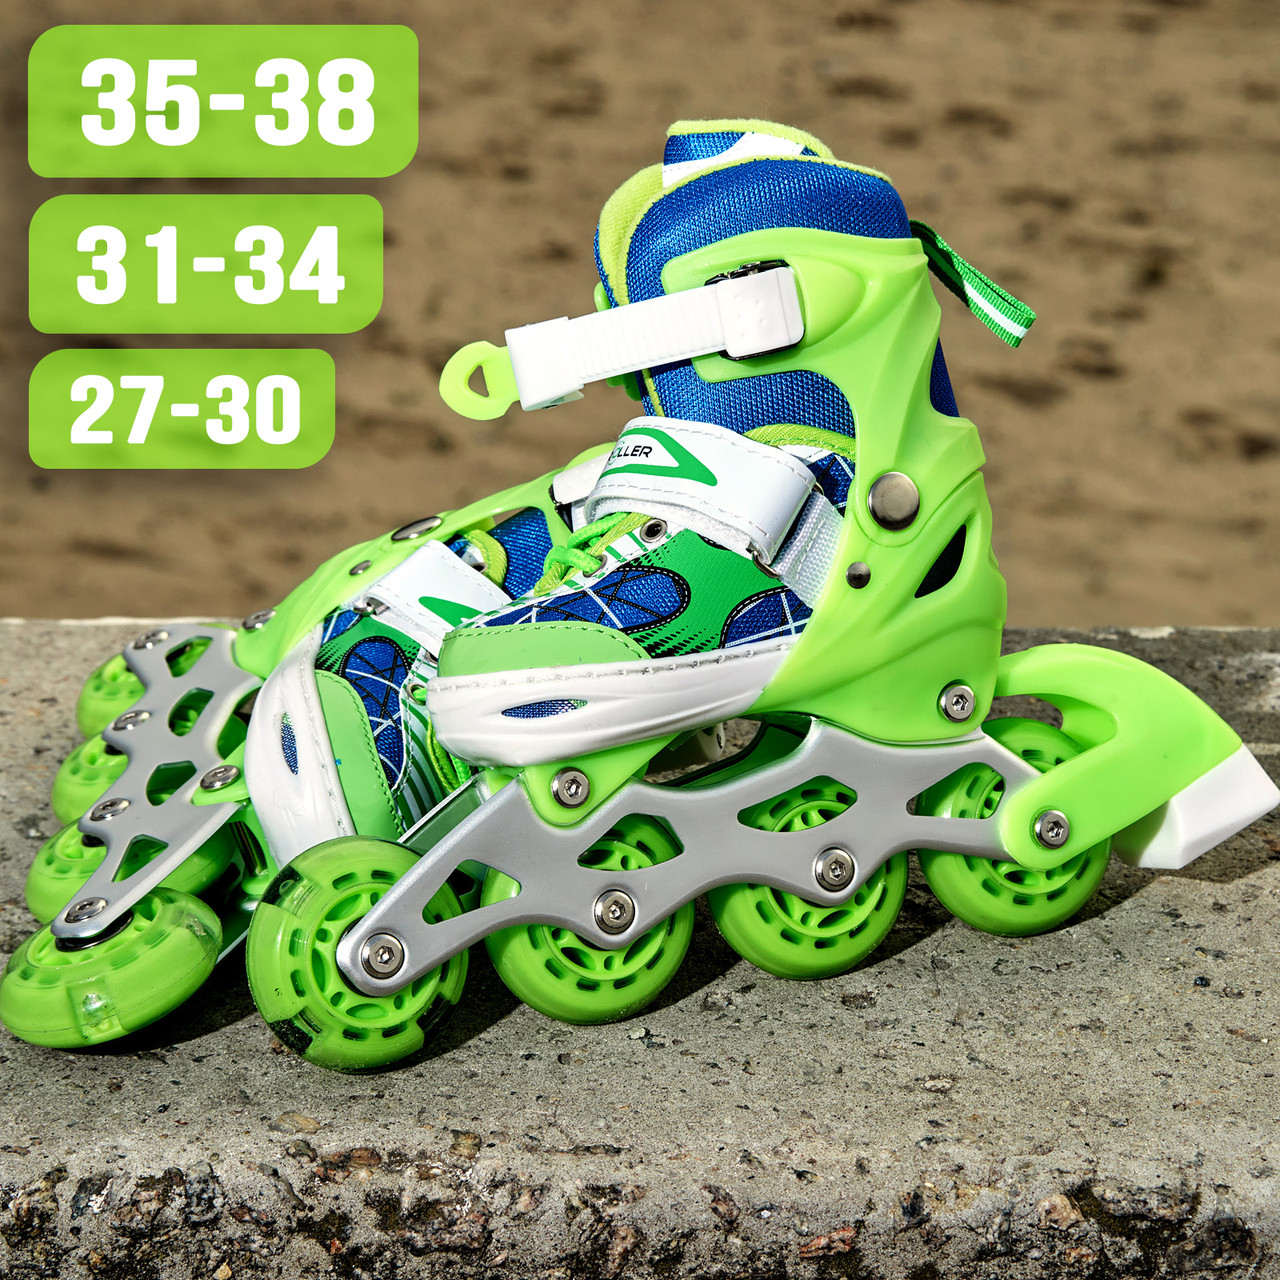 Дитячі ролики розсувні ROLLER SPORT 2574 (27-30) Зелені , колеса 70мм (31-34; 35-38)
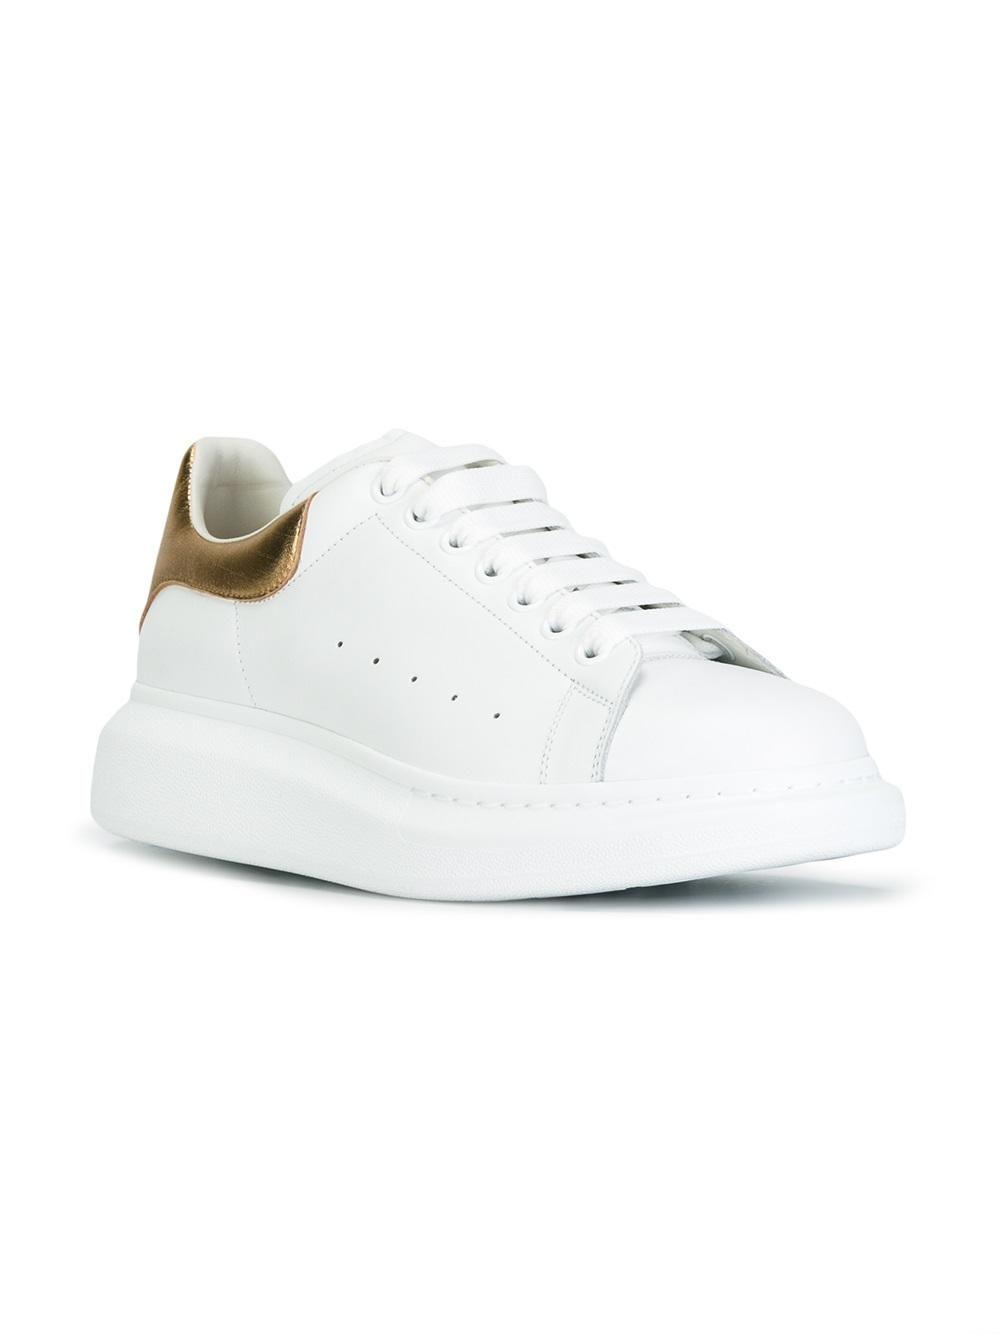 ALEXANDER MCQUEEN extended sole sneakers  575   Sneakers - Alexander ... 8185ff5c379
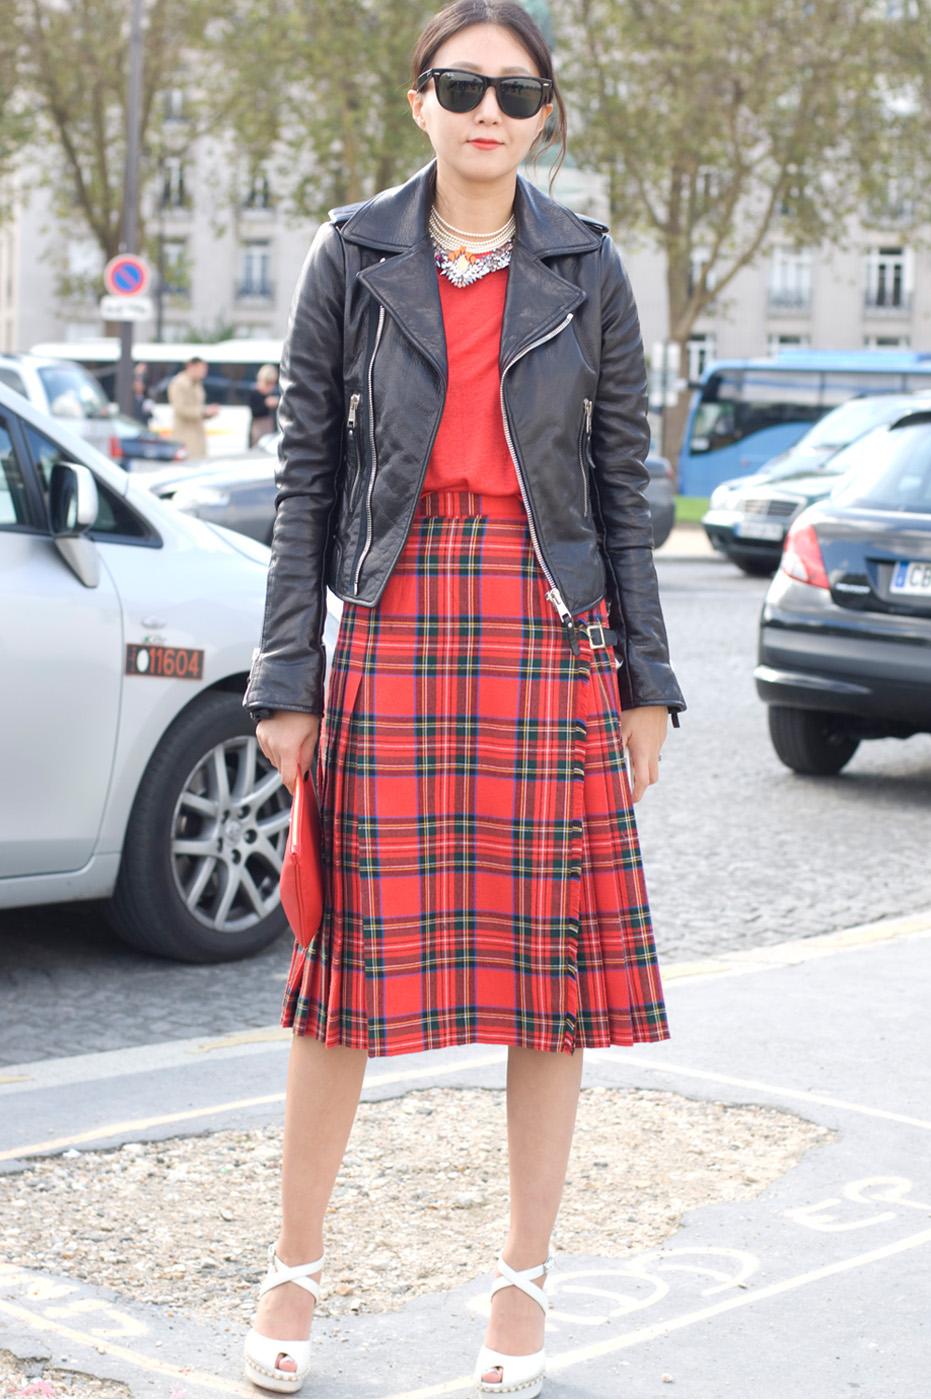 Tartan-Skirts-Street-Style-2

▶ EXERCISE OBJECTIVE:
The material is to be written out word for word, and the pictures are to be left out.

▶ PROBLEM SOLUTION:
 Дитячі ролики розсувні ROLLER SPORT 2574 (27-30) Зелені , колеса 70мм (31-34; 35-38)
 ALEXANDER MCQUEEN extended sole sneakers  575   Sneakers - Alexander ... 8185ff5c379
 Tartan-Skirts-Street-Style-2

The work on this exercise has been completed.